TWENTY years have now gone by since South America last won the World Cup.
Brazil won title number five in Japan and South Korea in 2002. Ever since then, every World Cup campaign of theirs has come to an end as soon as they met a western European side in the knock out rounds.
The lost to France in 2006, Holland in 2010, Germany – in astonishing style on home ground in 2014 and Belgium last time out three years ago.
The story of Argentina is not radically different. True, they did get past Switzerland, Belgium and Holland on their way to the 2014 final, but all of their campaigns in the last two decades have ended in defeat to the Europeans – Germany in 2006, 10 and 14 and France last time.
With four rounds of qualifiers still to go, both Brazil and Argentina have already booked their place in Qatar.
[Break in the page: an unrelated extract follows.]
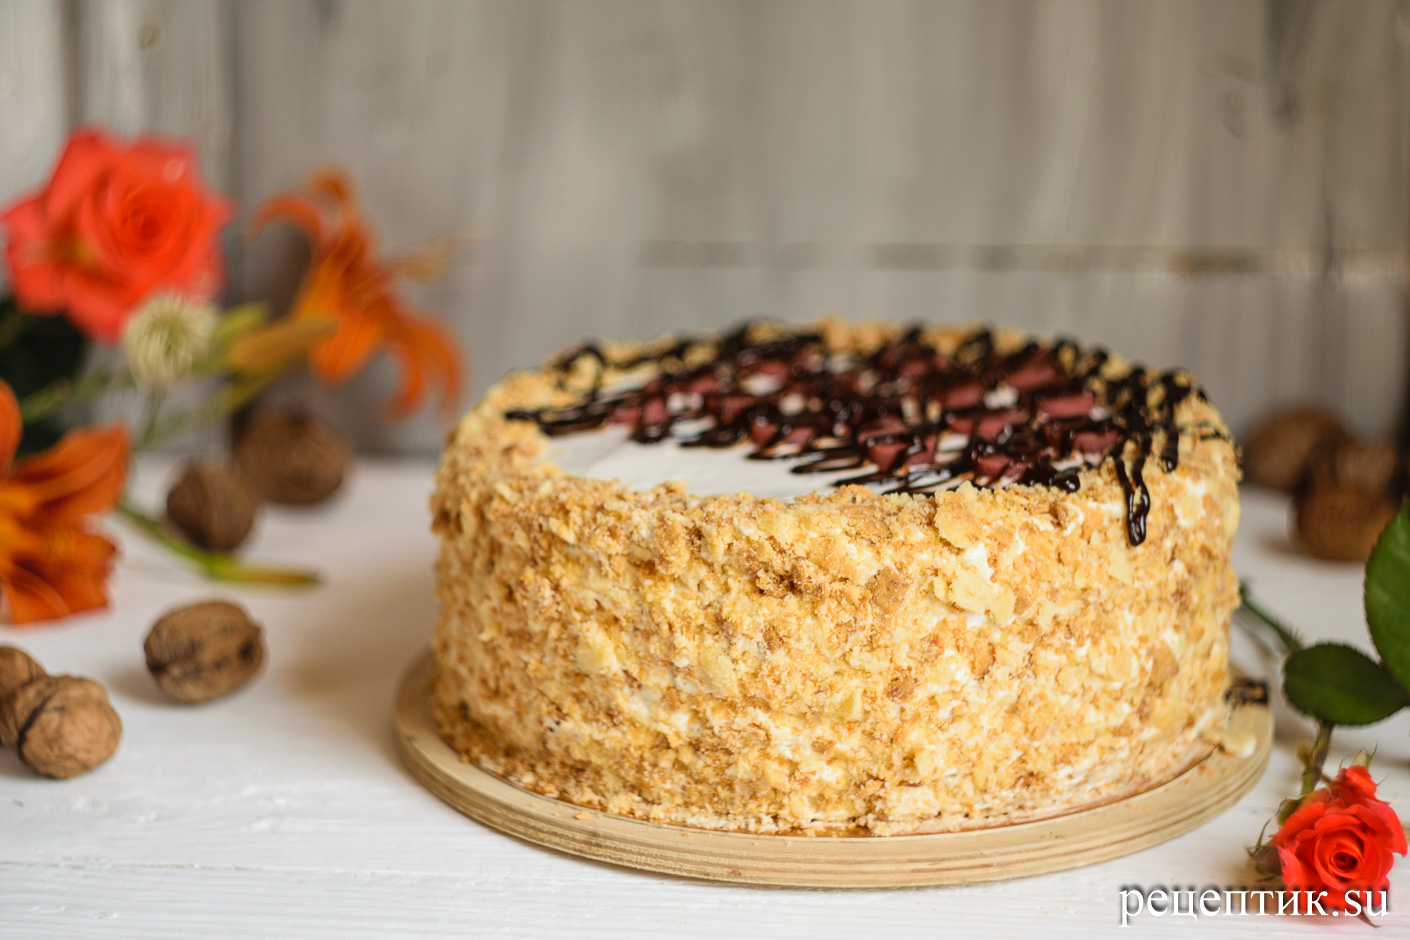 Карамельно-ореховый наполеон со сметанным кремом - рецепт с фото

They have breezed through the campaign.
Brazil are unbeaten, and Argentina have not lost a match for two and a half years. Both can build towards Qatar with some confidence – not least because they are looking good defensively.
Titles are so often won by tight defences. Brazil at the moment rarely even look likely to concede a goal, while Argentina are much improved in this department.
The emergence of Aston Villa’s Emiliano Martinez has been important. He looks like Argentina’s first top class keeper for decades, and ex player and top pundit Diego Latorre named him as the country’s footballing personality of the year in his newspaper column.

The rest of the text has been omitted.